U.S. $400,000                                                   December 8, 2000

         FOR VALUE RECEIVED, 9278 COMMUNICATIONS, INC., a corporation duly
organized and existing under the laws of the State of Delaware ("Maker"), hereby
promises to pay to the order of NASIR GHESANI ("Payee") the aggregate principal
sum of $400,000, in the amounts and on the dates set forth herein and to pay
interest on the unpaid principal balance hereof at the rates set forth in
Section 4 hereunder, until this promissory note (the "Note") is paid in full.
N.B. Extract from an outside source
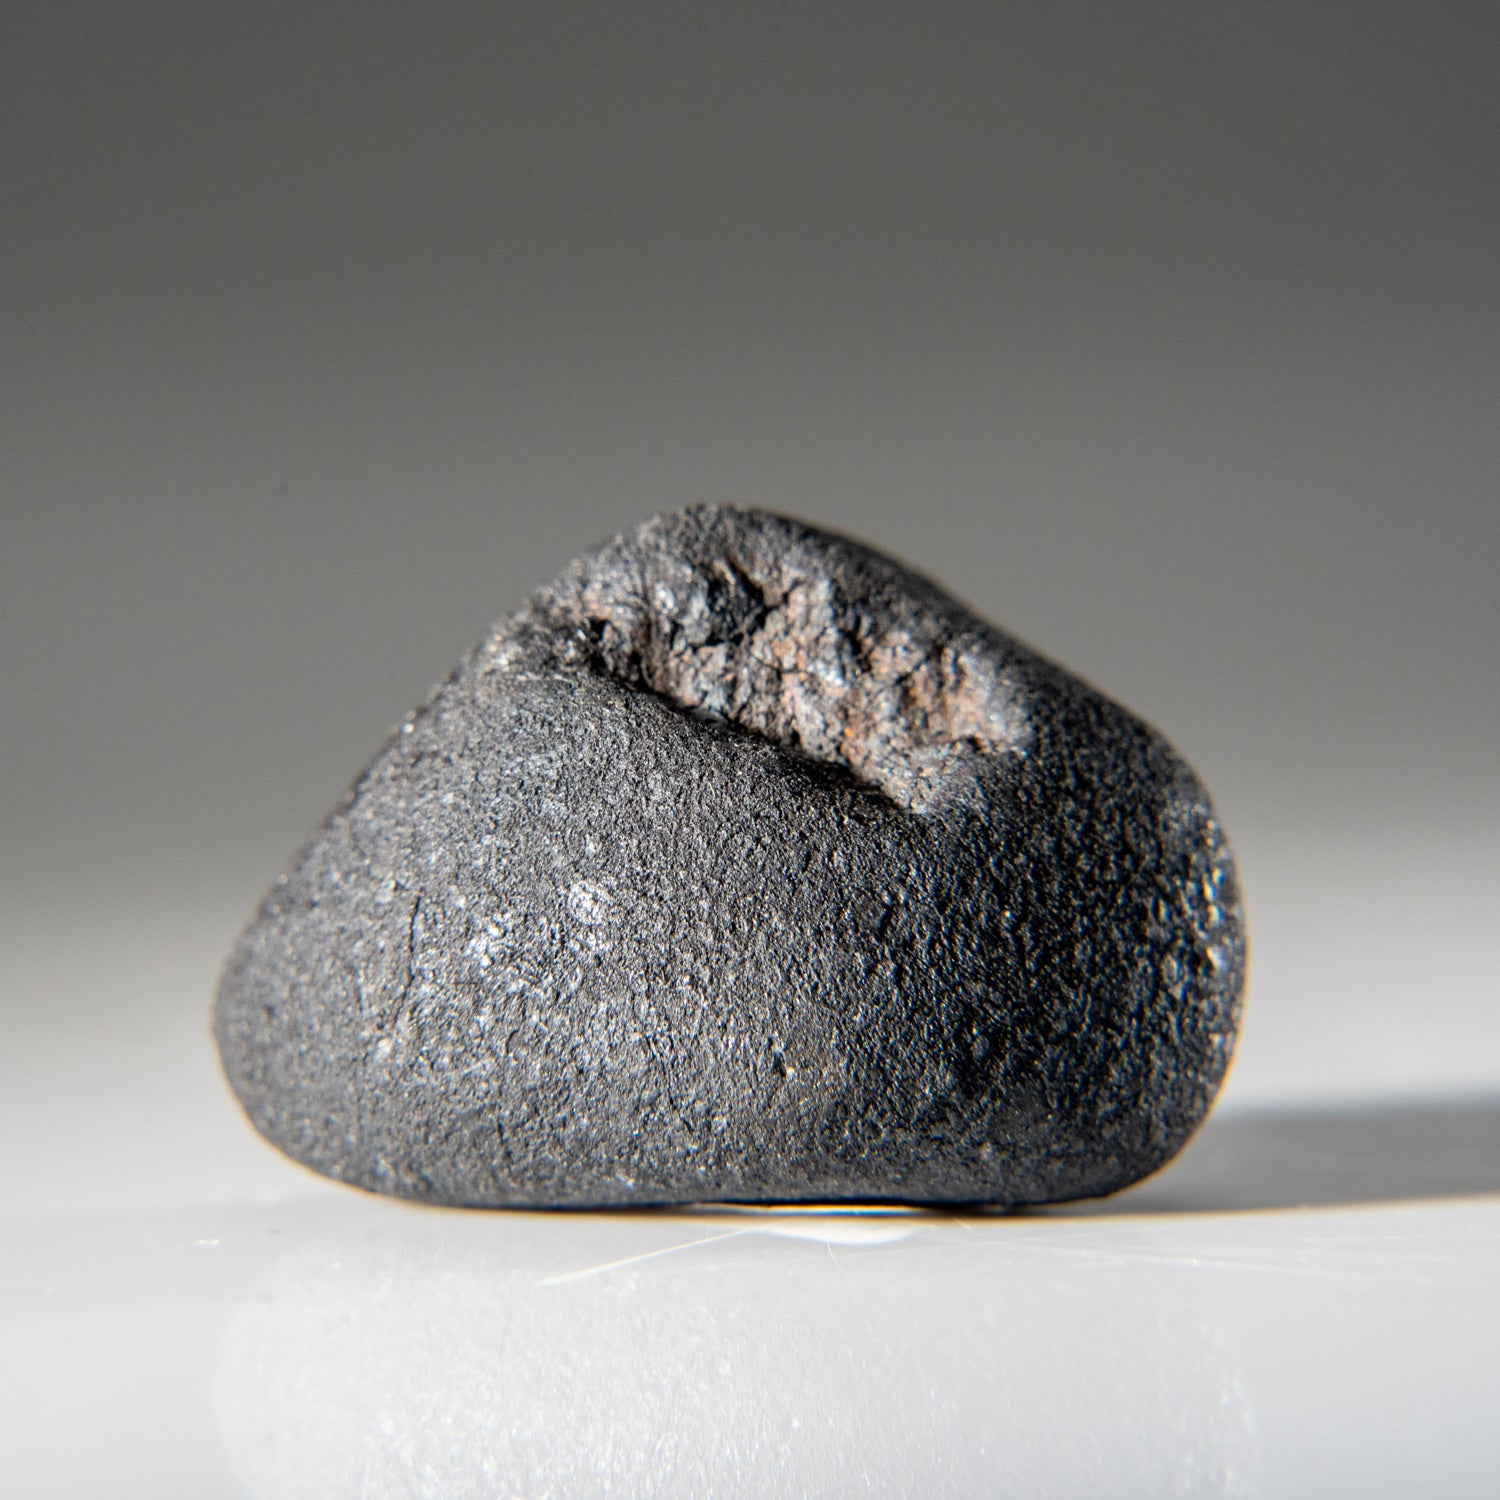 Genuine Chelyabinsk Meteorite (20.5 grams)

         1. This Note is being issued to the Payee in connection with an
Agreement and Plan of Merger, by and among Reliable Networks, Inc., the Payee,
Reliable Acquisition Corp. and the Maker, dated of even date herewith (the
"Merger Agreement"). Undefined capitalized terms which appear in this Note shall
have the definitions ascribed to them in the Merger Agreement. The principal
balance of this Note may be adjusted at any time, and from time to time by the
Maker, pursuant to Section 1.09 of the Merger Agreement. In addition, the Maker
and Payee have entered into an Employment Agreement, dated of even date herewith
(the "Employment Agreement").

         2. Repayment of the principal and any accrued interest shall be made in
full twenty (20) days after the date hereof (the "Maturity Date"). In the event
that payment in full of the principal and any accrued interest has not been
received by the Payee on or prior to the Maturity Date, the Payee may at any
time thereafter, until such payment is received, in addition to any other rights
the Payee may have, give a thirty (30) day written notice to cure to the Maker
(the "Cure Period"). If the Maker does not cure within such Cure Period, by
paying all of the outstanding principal and accrued interest then due, then the
Payee shall have the option to give written notice of termination of the
Employment Agreement to the Maker, pursuant to Section 10.01 of the Merger
Agreement.

         3. If the Employment Agreement is terminated prior to the Maturity Date
by (i) the Maker for "Cause", pursuant to Section 6(c)(i) or (ii) thereof, or
(ii) voluntarily by the Payee without "Good Reason", as defined in Subsection
7(d) thereof, then, among other things, as set forth in Section 10.02 of the
Merger Agreement, the obligations of the Maker to make payments pursuant to this
Note shall terminate, and the parties hereto shall have no further obligation
hereunder. In such event, the Payee shall have the right to retain all payments
previously made by the Maker pursuant to this Note.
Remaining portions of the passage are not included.